LightRL API Reference
Welcome to the detailed API reference for LightRL. Below you'll find documentation for the key classes and functions available in the library, complete with usage guidelines and examples.
Bandits Module
LightRL includes a variety of bandit algorithms, each tailored for specific use cases in reinforcement learning environments. The following classes are part of the lightrl.bandits module:
Base Bandit Class
Bandit: The foundational class for all bandit algorithms. Subclasses provide specialized implementations.
Bases: ABC
Source code in lightrl/bandits.py
| class Bandit(ABC):
def __init__(self, arms: list, priors: Optional[List[float]] = None, ema_alpha: float = 0.0):
self.arms = arms
if priors is not None and len(priors) != len(arms):
raise ValueError(f"priors length {len(priors)} != arms length {len(arms)}")

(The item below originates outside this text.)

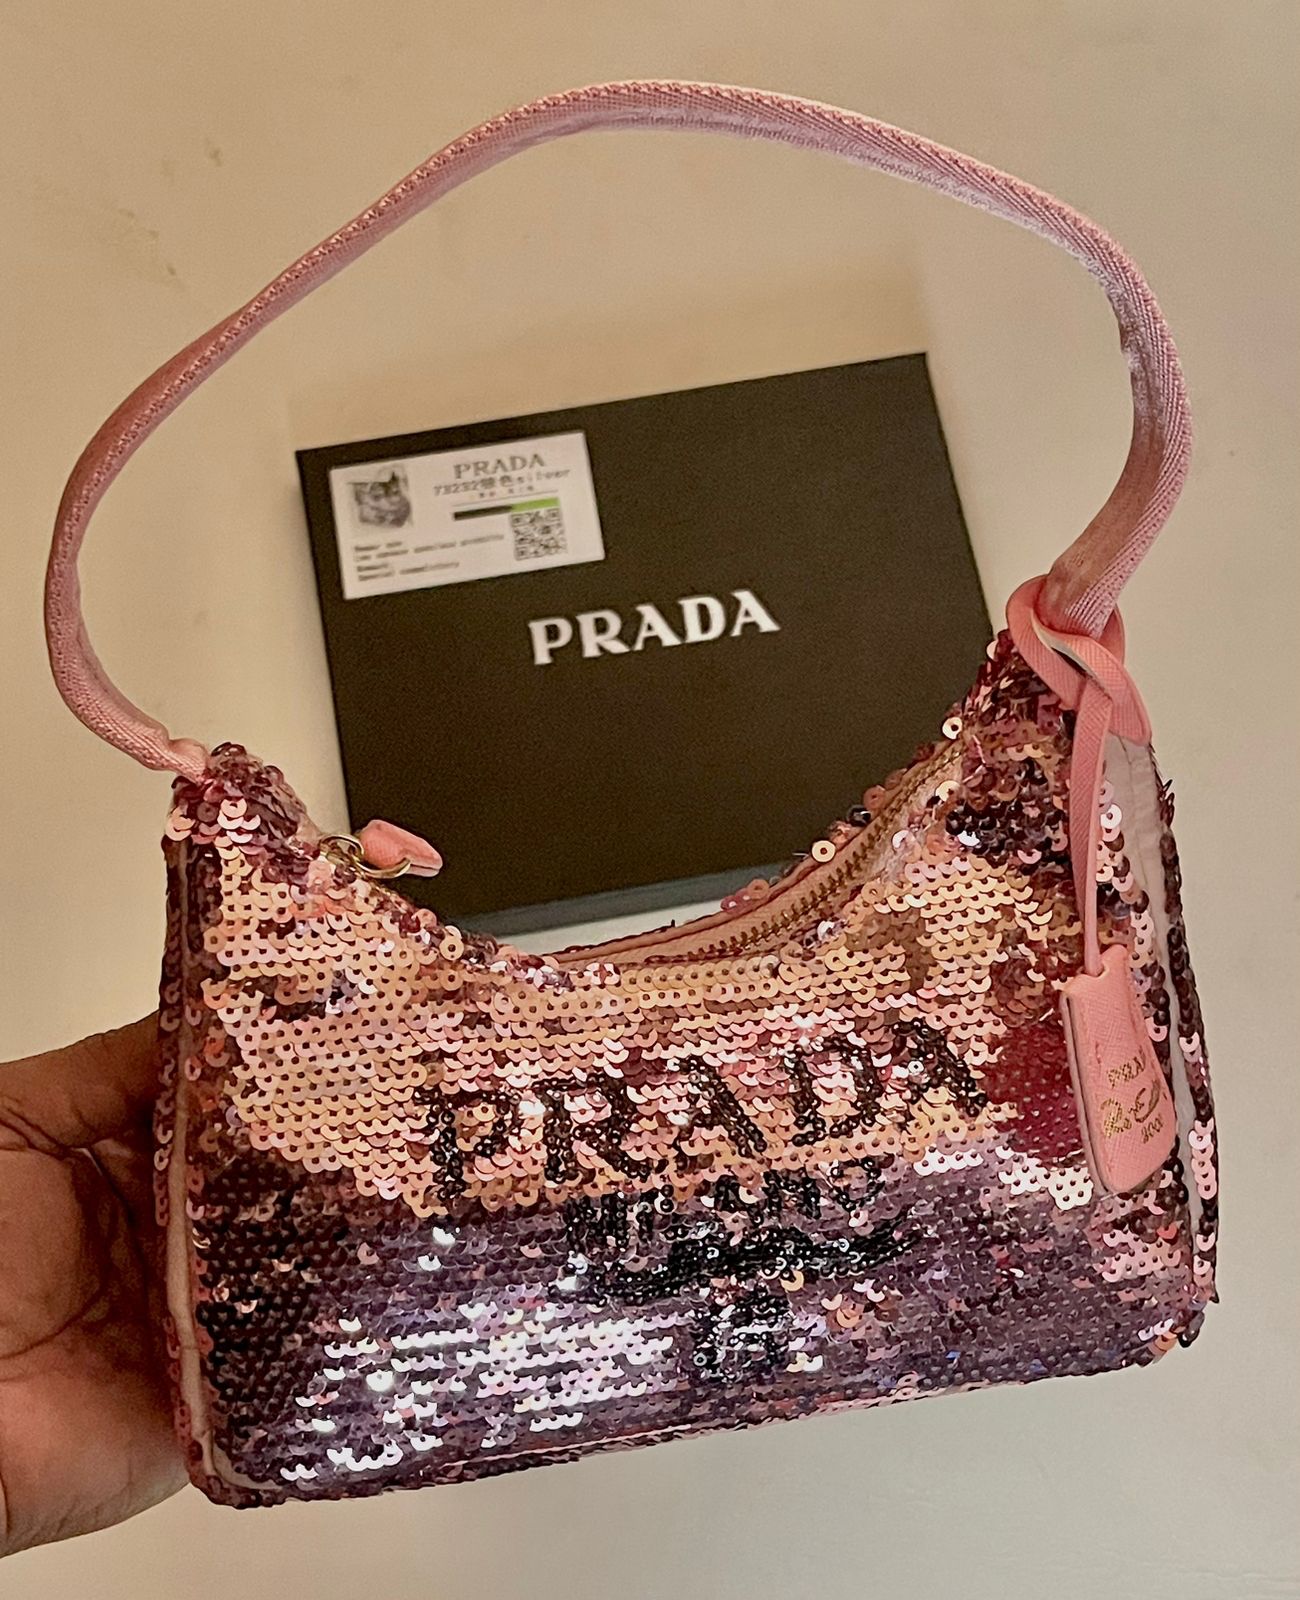 Sequin Embellished Handbag

self.q_values = list(priors) if priors else [0.0] * len(arms)
self.counts = [0] * len(arms)
self.ema_alpha = ema_alpha
@abstractmethod
def select_arm(self) -> int: ...
def update(self, arm_index: int, reward: float) -> None:
self.counts[arm_index] += 1
if self.ema_alpha > 0:
self.q_values[arm_index] += self.ema_alpha * (reward - self.q_values[arm_index])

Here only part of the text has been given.